I’ve done the modeling down to pulling actual quotes in my area and with a decent footprint (like couple hundred xxlarge instances) you break even after a year (including colo, remote hands and networking). Cost is decisively not the reason most orgs choose public cloud

jdlshore|3 years ago

Here's their article. "We stand to save $7m over five years from cloud exit."

https://world.hey.com/dhh/we-stand-to-save-7m-over-five-year...

SassyGrapefruit|3 years ago

>But this isn't just about cost. It's also about what kind of internet we want to operate in the future. It strikes me as downright tragic that this decentralized wonder of the world is now largely operating on computers owned by a handful of mega corporations.

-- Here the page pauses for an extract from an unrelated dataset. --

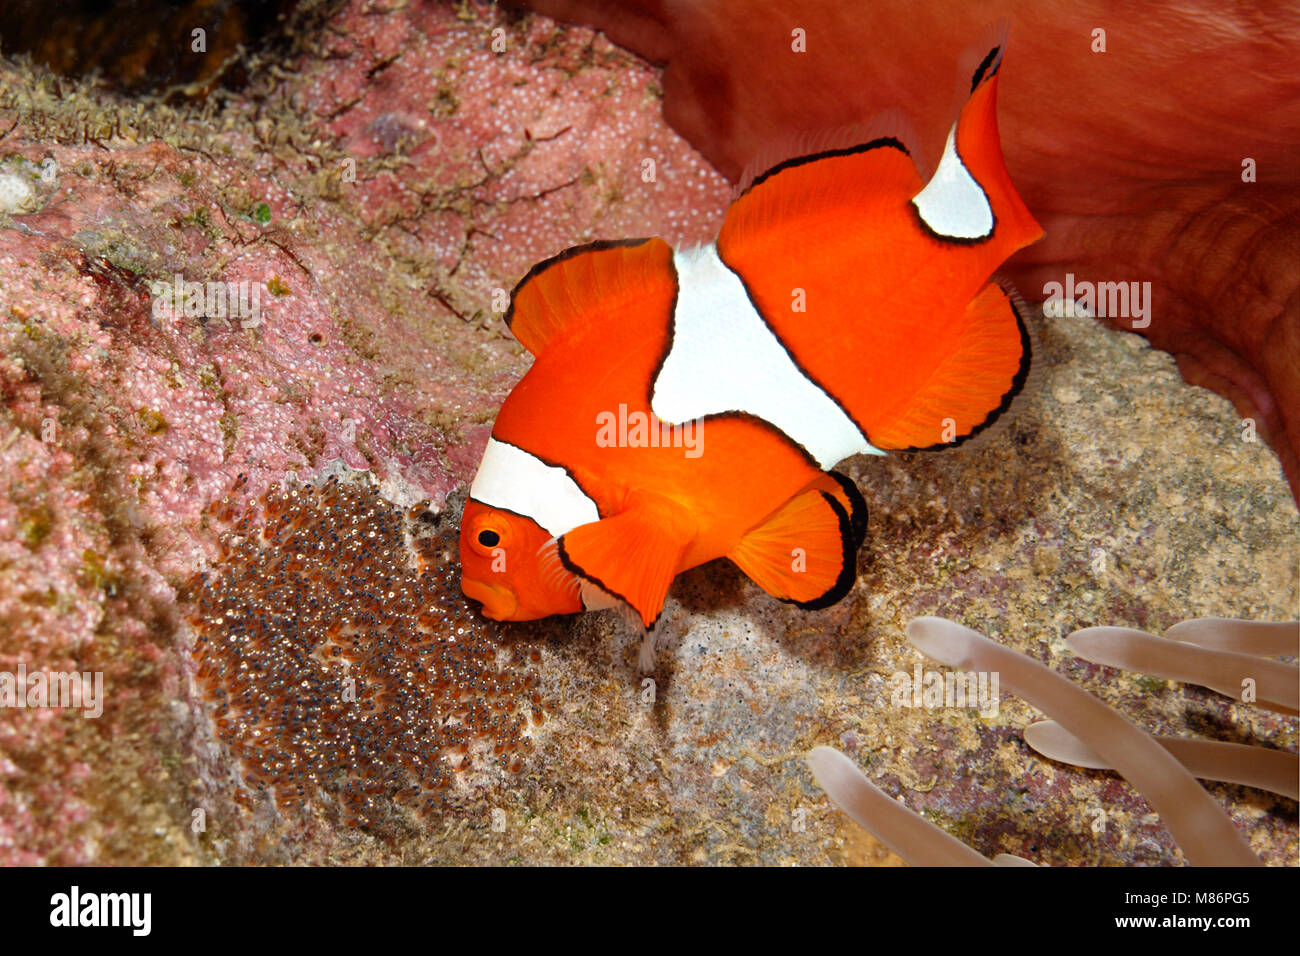 Clownfish, Amphiprion percula, pesci maschi aerare uova deposte deselezionata sottostante substrato l'ospite magnifico mare Anemone, Heteractis magnifica Foto Stock

Yep read that guys blog history and the agenda just pops right out. It's not just about cost for Basecamp its ideological. I can't help but imagine this bias leaks into the financial and operational calculations.

We had a similar situation. We had a team did not want to move to the cloud, the business forced them, so they built the system in a way that fought the cloud. Then the self fulfilling prophecy kicked into high gear. "See we told you it was a bad idea, look at all the problems we have!". The problems were created through half baked attempts to be "agnostic" to the cloud. Once we removed those elements we were able to reduce the cost of the system by over 90%. It was far cheaper than when it was running in the Colo. These folks had no interest in optimizing for cloud native execution they were already planning their move back into the Colo.